12.5.06

Yanni Kin

Je voudrais partager ces extraits de l'autobiographie de Yanni Kin "Regarde moi, Maman"; parmis toutes les biographies de trans que j'ai lu, c'est celle où je me suis le plus identifié. Dans les extraits qui suivent, c'est Sylvie qui parle de cet homme, Sylvain, qu'elle dissimule au fond d'elle.


J'ai pleuré tout le long du chemin. J'ai pleuré une fois chez moi. J'ai pleuré durant les jours qui suivirent en revivant ce qui s'était passé. Sylvain ne disait mot. Sylvain pensait. Dire est bien, penser est mieux. Il faut avoir beaucoup pensé pour savoir dire. Et si agir est bien, patienter est mieux. Il faut savoir patienter pour pouvoir sagement agir. Sylvain est le penseur, le rêveur, mais il n'est pas patient. Il est celui qui analyse et qui sort des réflexions, puis qui sourit en les prononçant car il se sait trop impétueux pour les appliquer. Il persiste quand j'abandonne. Il frappe quand je m'esquive. Il se redresse quand je courbe. J'aime cet homme même si lui voudrait bien me voir disparaître. À cette époque, je ne le réalisais pas encore tout à fait, mais je ne pouvais vivre sans lui alors que lui pouvait très bien vivre sans moi.


Il m'apparaissait que sa capacité de vivre dans l'anonymat avait atteint sa limite. Depuis quelque temps, j'avais très bien perçu sa bravade. Certains jours, il me faisait peur. Il avait ce regard vitreux de quelqu'un qui ne se possède pas totalement, comme un malade en phase terminale qui n'a plus rien à perdre et qui vit ses dernières heures en dépit de toute conformité.

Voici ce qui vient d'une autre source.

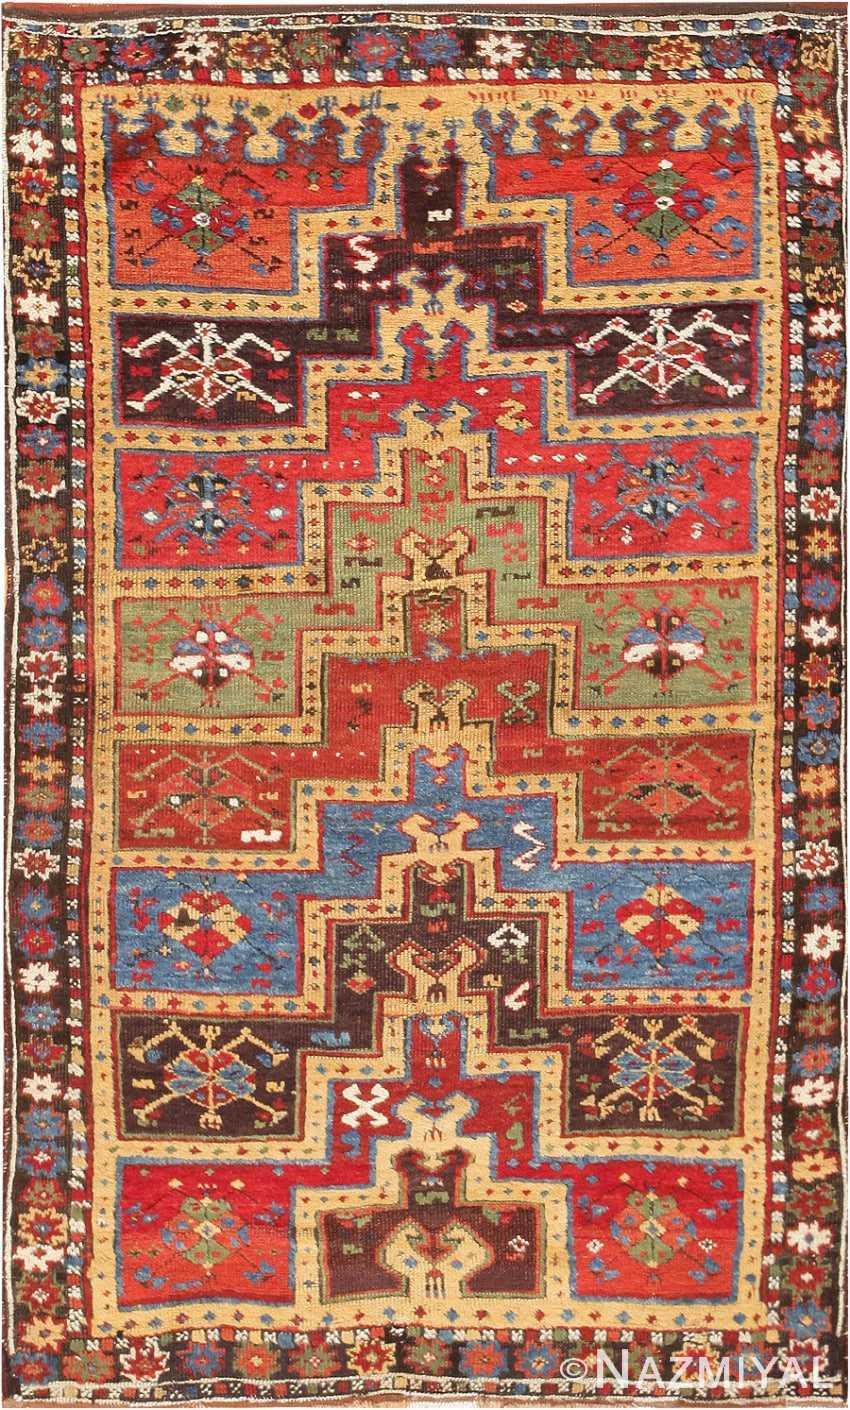 Antique Turkish Tribal Yuruk Prayer Rug 47380 Detail Large View

Je m'approprie ce message extrait du même livre:

Il conservera un peu de moi comme j'avais un peu de lui. Continuez à l'aimer comme vous l'avez toujours aimé sans vous en rendre compte; comme il s'est toujours fait aimer de vous à votre insu. Si vous prêtez bien attention, vous constaterez que c'était son énergie, son impétuosité qui vous galvanisait et son côté juvénile, ce comportement puéril chez lui qui vous mettait sous le charme.

1 commentaire:

Yanni Kin a dit…

Bonjour Éric,

Je t'ai écrit et j'ai envoyé le tout à cette adresse qui apparaît sur ton blogue. J'espère que cet envoi te parviendra.